Lou Reed performing in 2008. Photo: WikiCommons.

Rock and roll iconoclast Lou Reed died Sunday, aged 71, of an undisclosed cause, and while many of the obituaries dedicated to him have mentioned his Judaism, few delved into how central it was to his identity.

Born Lewis Allan Reed to a Jewish family in Brooklyn, he was once asked by a journalist if he was Jewish, replying, “Of course, aren’t all the best people?”

Tom Gross, of the National Review, writes of his connection to Israel: “He was a frequent visitor to the country, last performing in Tel Aviv in 2008, and his aunt and many cousins live in Haifa and other Israeli towns.”

Recently, a team of researchers named a spider native to Israel after him.

Though much has been made of his statement to journalist Lester Bangs that he didn’t know any Jewish people, with some claiming it was an anti-Semitic comment, it could hardly be taken as literal. In fact, many of his greatest influences were Jews.

Writing of Delmore Schwartz, the acclaimed Jewish poet, who taught Reed while an undergrad at Syracuse University, he wrote: “O Delmore how I miss you. You inspired me to write. You were the greatest man I ever met. You could capture the deepest emotions in the simplest language. Your titles were more than enough to raise the muse of fire on my neck. You were a genius. Doomed.”

Gross also notes that Reed was a central figure of what author Steven Lee Beeber, in his book The Heebie-Jeebies at CBGB’s: A Secret History of Jewish Punk, argued was a key Jewish element to the New York punk-rock movement of the 1970s. Crypto punk rock Jews included Joey Ramone (nee Jeffrey Ross Hyman), Patti Smith’s guitarist Lenny Kaye, Richard Hell (Richard Lester Meyers), Jonathan Richman, and Blondie’s guitarist Chris Stein.

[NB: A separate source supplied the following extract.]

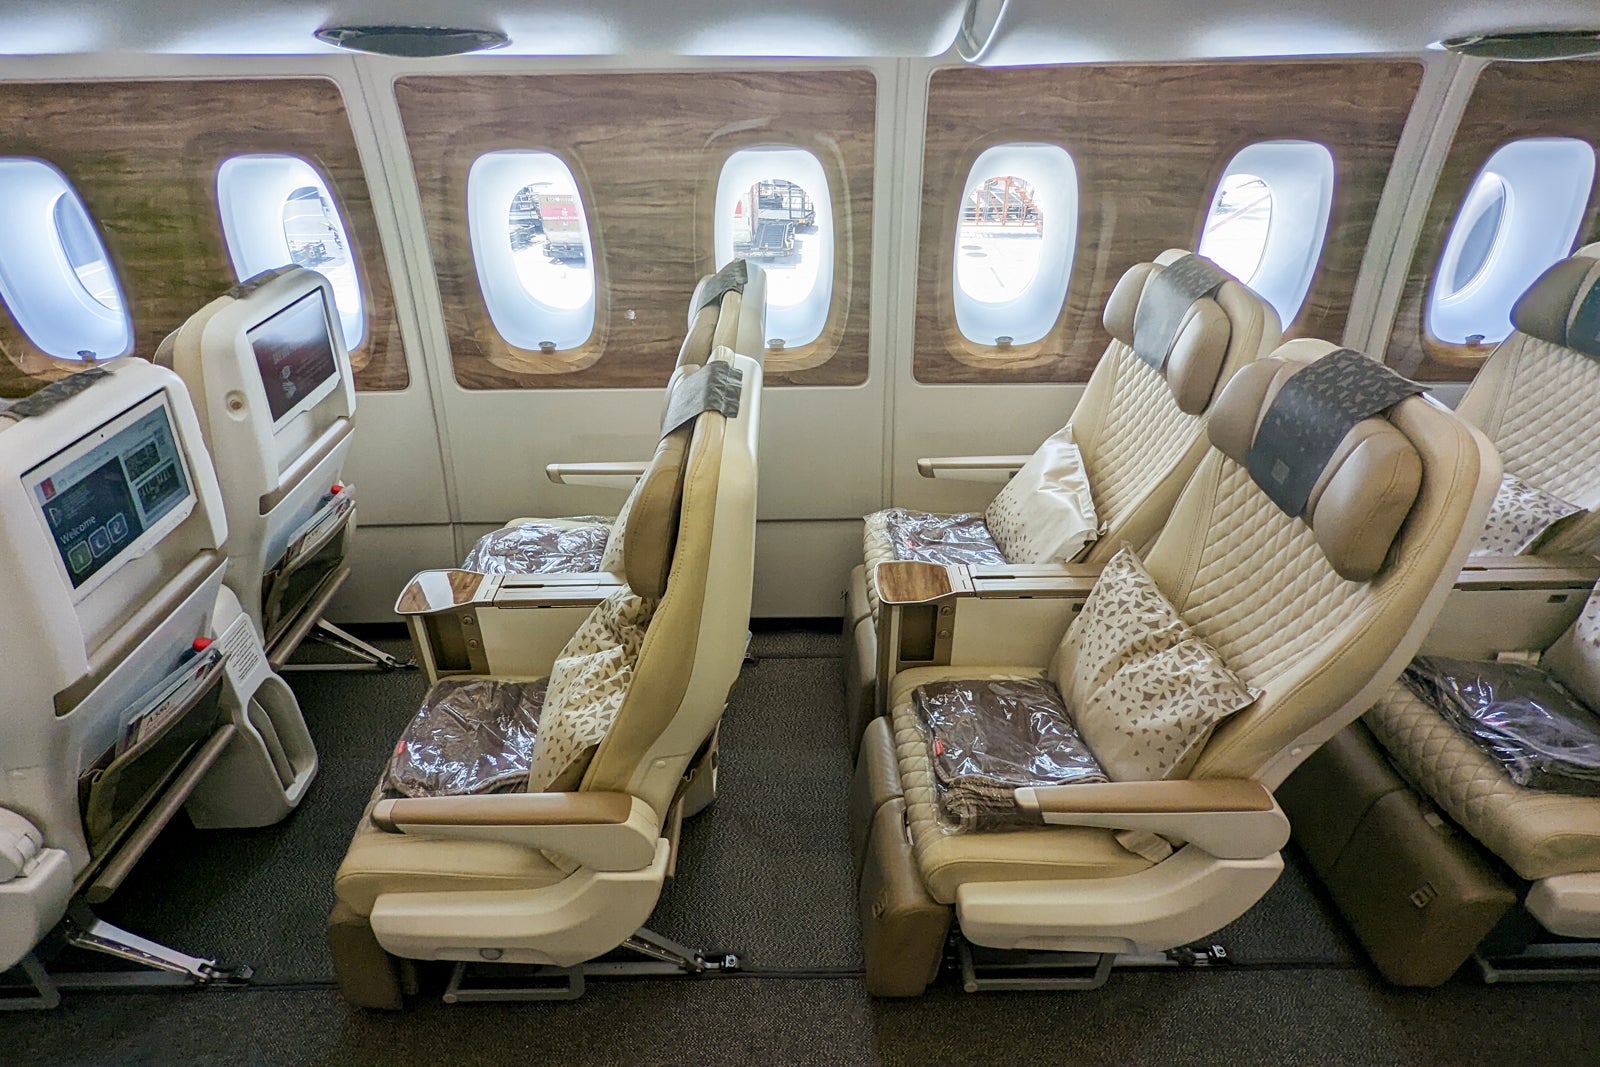 6 Best Airplane Seat Cushions in 2019 [Reviews & Buyer's Guide]
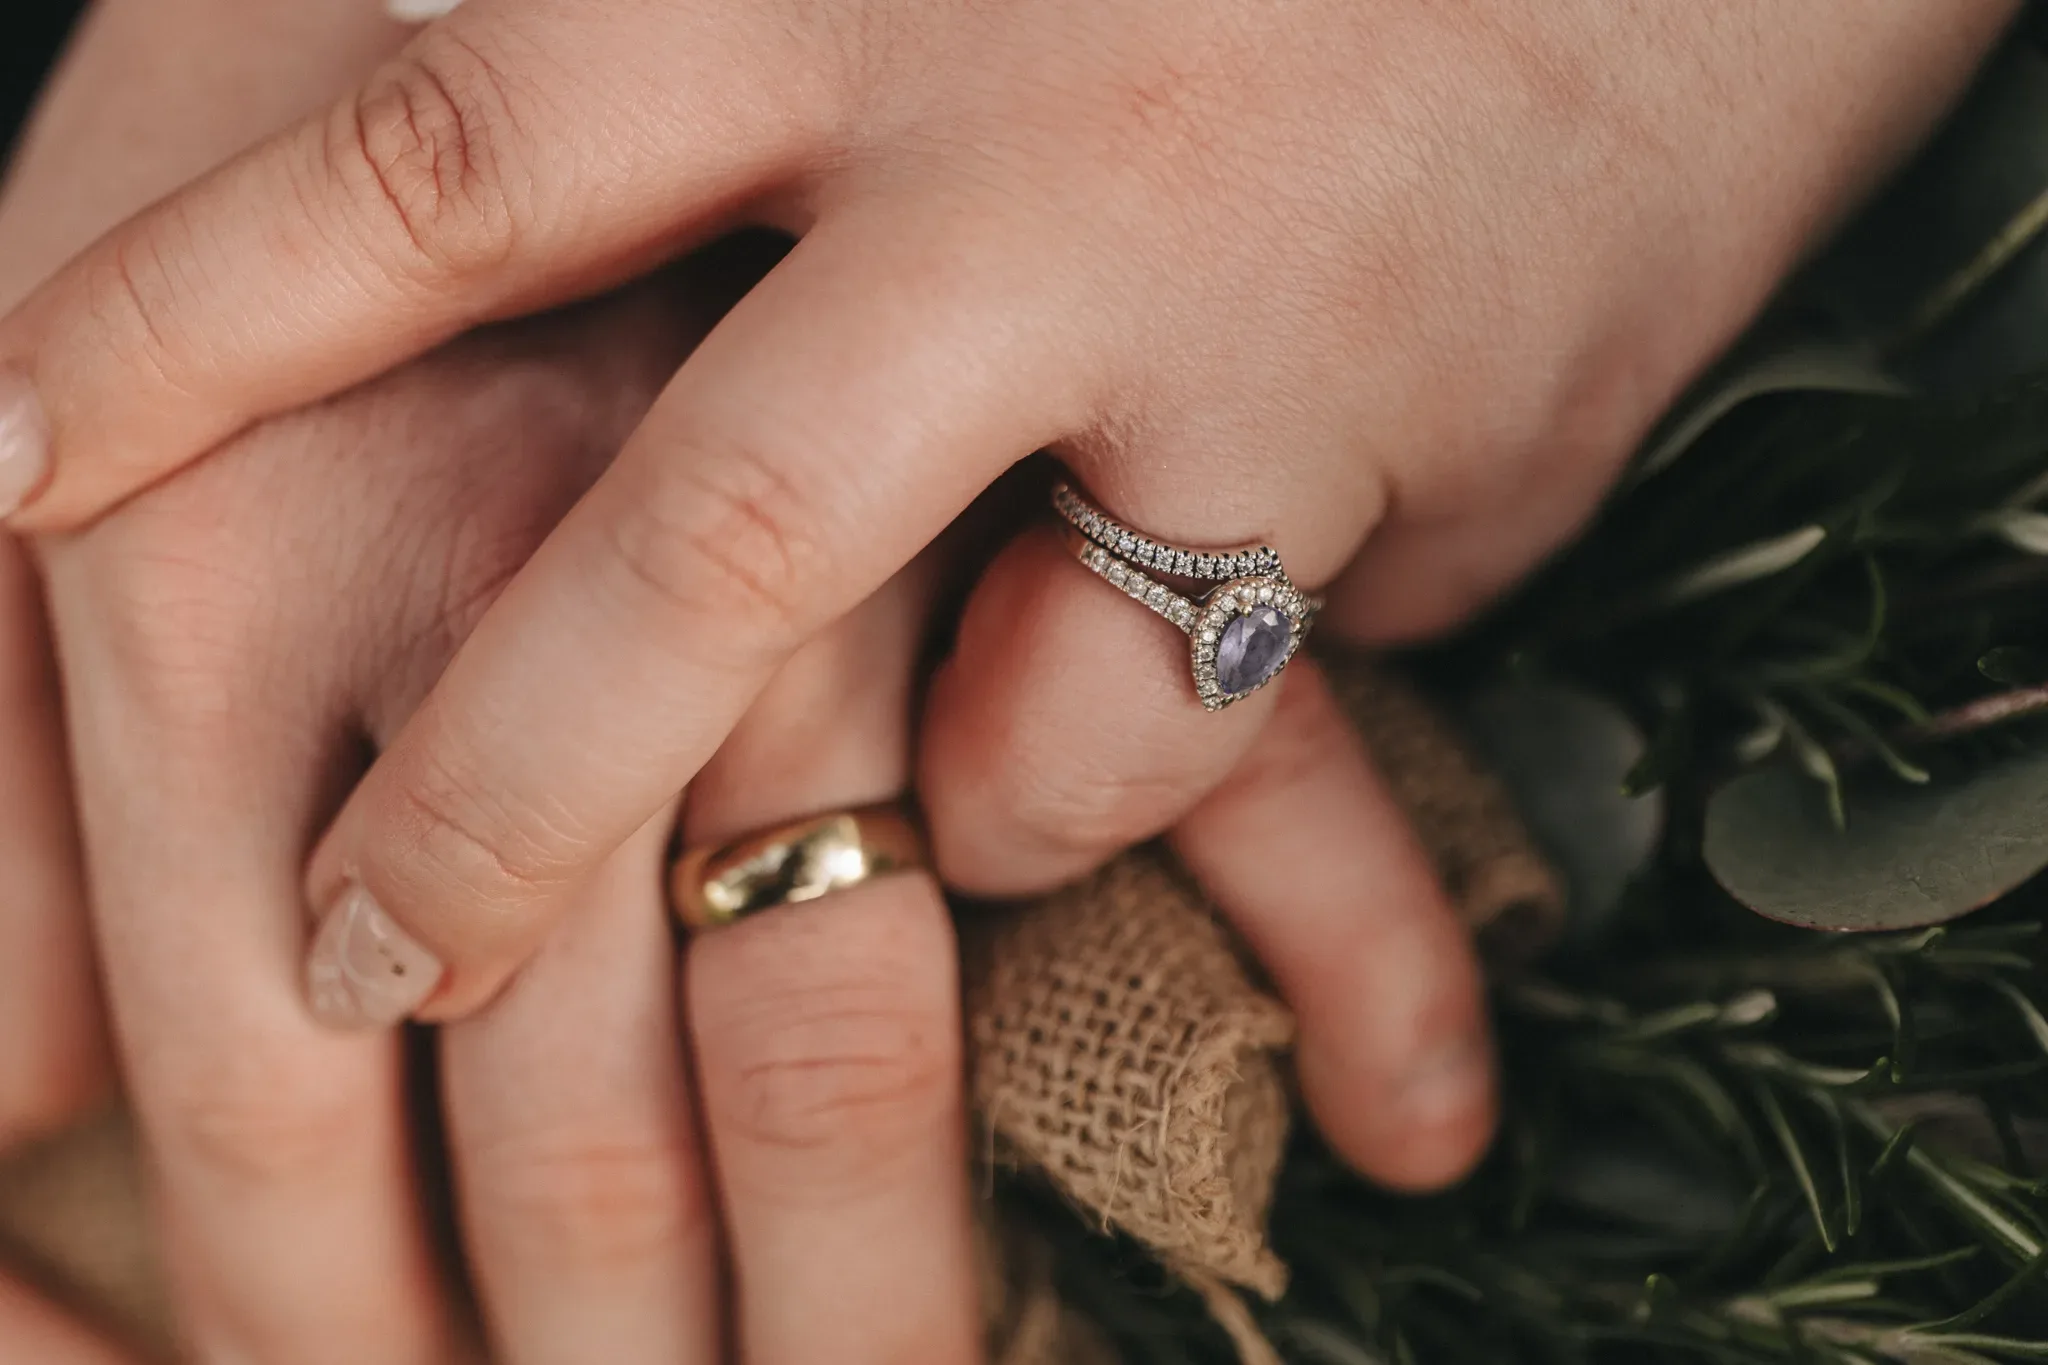 Close-up of a couple's hands gently touching, showcasing their wedding rings. the woman's ring has a prominent purple gemstone surrounded by smaller diamonds, while the man's is a simple gold band.

Though perhaps reticent to embrace his Judaism in public, keeping with his motto that “rock and roll is my God,” that didn’t stop Reed later in life from a public embrace of his heritage. In 2004, at the Downtown Passover Seder, at the Museum of Jewish Heritage, Reed performed a work he called “Four More Questions,” based on Edgar Allen Poe’s “The Raven,” for the Passover crowd.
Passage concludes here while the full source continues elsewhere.